The youngest of five siblings and the only male child, Montague Glover entered the British Army in 1916 for service in the first World War. He was a member of the Artist Rifles Regiment, a regiment of the Territorial Force which saw active service during the war. Glover was promoted to Second Lieutenant in 1917 and was awarded the Military Cross for Bravery in 1918.
Glover is notable for his photographs depicting the partnership with his long-time girlfriend, Ralph Edward Hall, who was born in December of 1913 in Bermondsey, a district in the South End of London. Hall was one of nine child
A couple’s photographic portrait is an positive statement of their connection. It states for all to see: “We love each other. We concern for each other. We are pleased of who we are together.”

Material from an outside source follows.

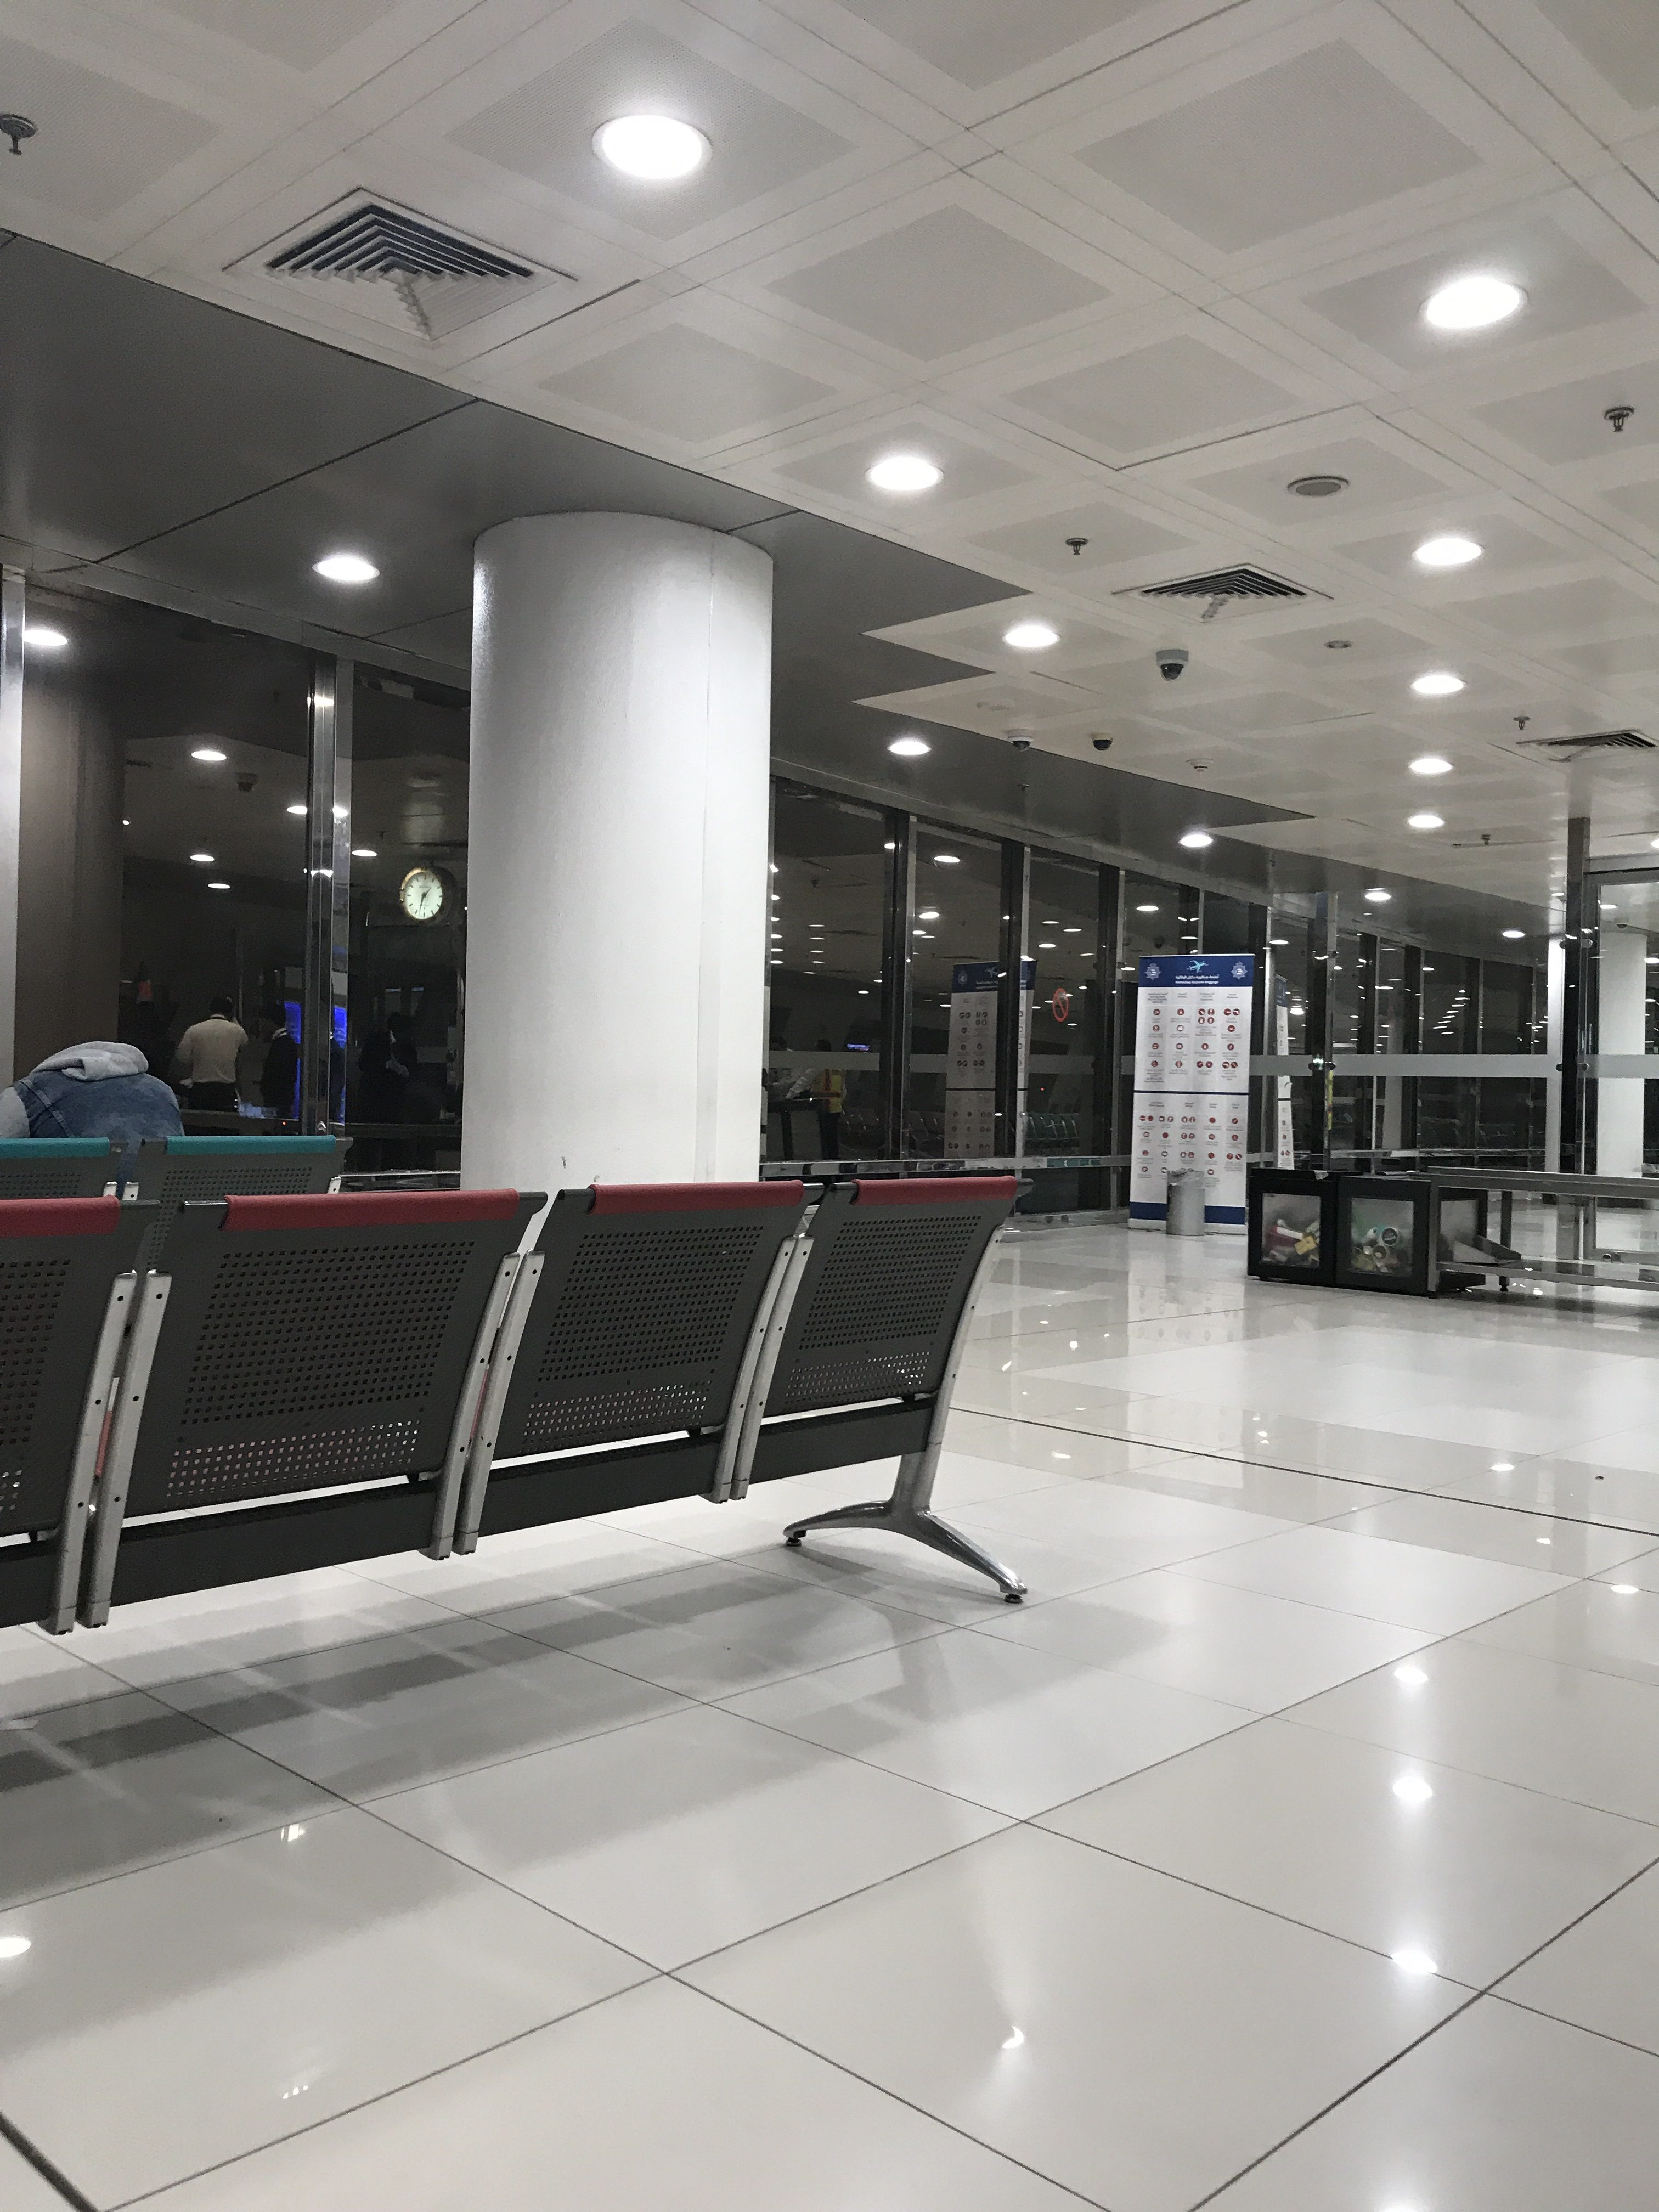 Kuwait Airport Customer Reviews | SKYTRAX
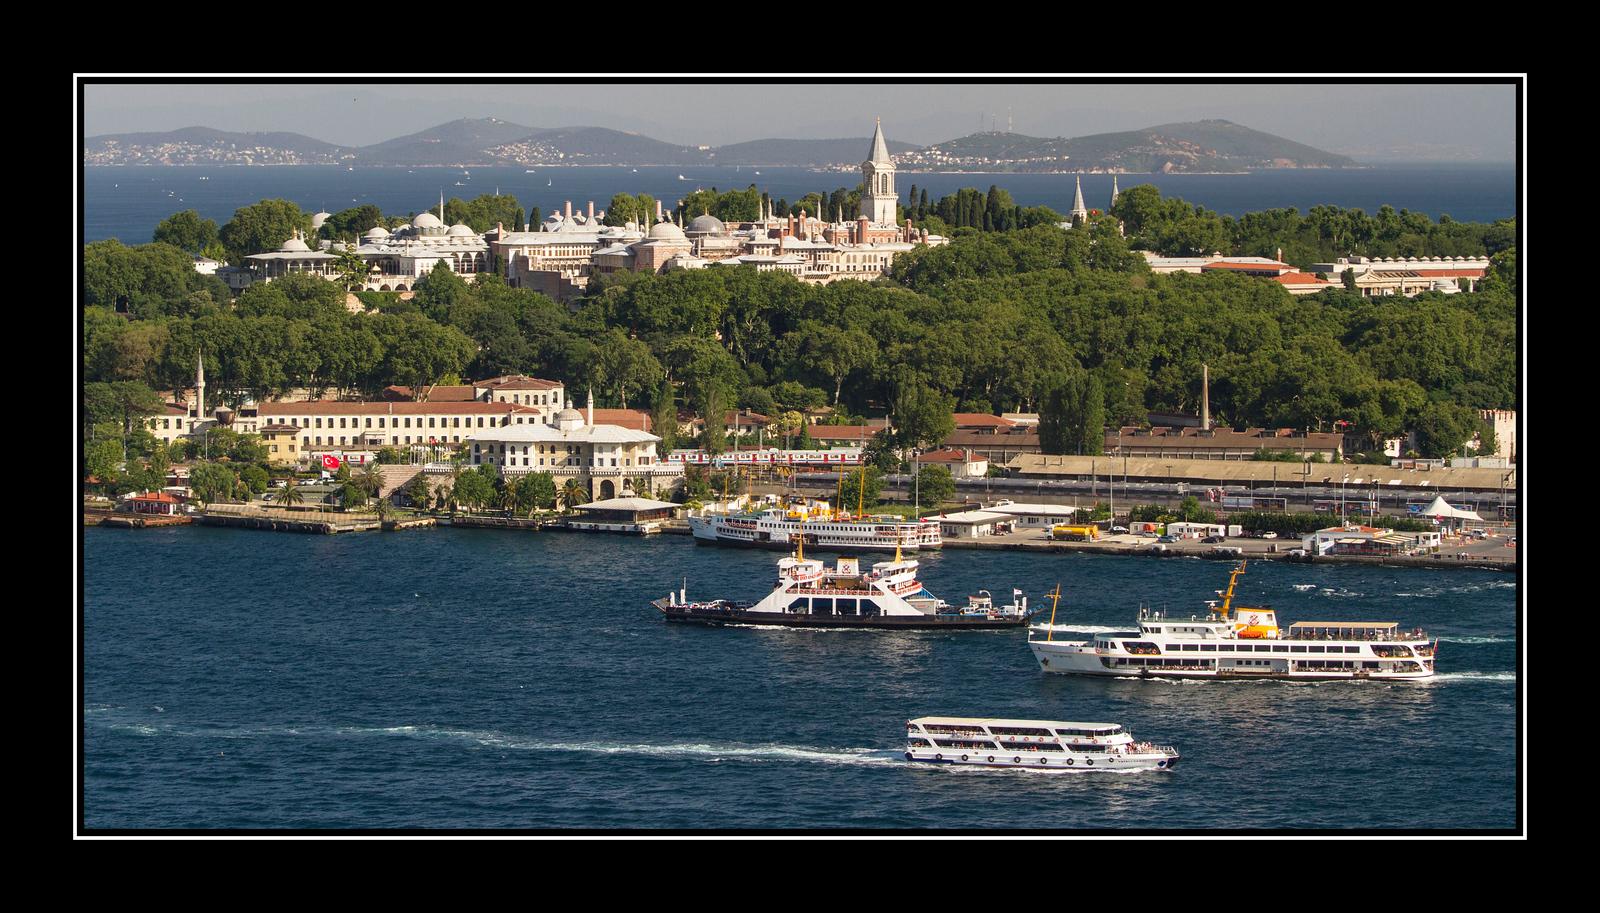 IMAGE: https://photos.smugmug.com/Travel/Istanbul/i-qjjvL8J/0/ecf98f6b/X3/Golden%20Horn%20traffic-X3.jpg

During the Victorian era many gay and female homosexual couples proudly expressed their love for each other in studio portraits. Unlike the common creed that such relationships were “the cherish that dare not speak its name,” as Oscar Wilde so famously described same sex attraction in his poem “Two Loves,” gays and lesbians often dared to demonstrate their love. Indeed, many gay and lesbian couples more or less lived openly together throughout their lives. This was far easier for women than for men as women were expected to live together if they were not married, or to live with the euphemistically termed “female companion.”
Men, no historical surprises here, had their control haunts for gathering like-minded souls. In London these could be found in the “Molly houses” and gentlemen’s clubs or pick-ups haunts at Lincoln’s Inn, or St. James Park or the path on the City’s Moorfields, which was charmingly referred to as “Sodomites Walk.”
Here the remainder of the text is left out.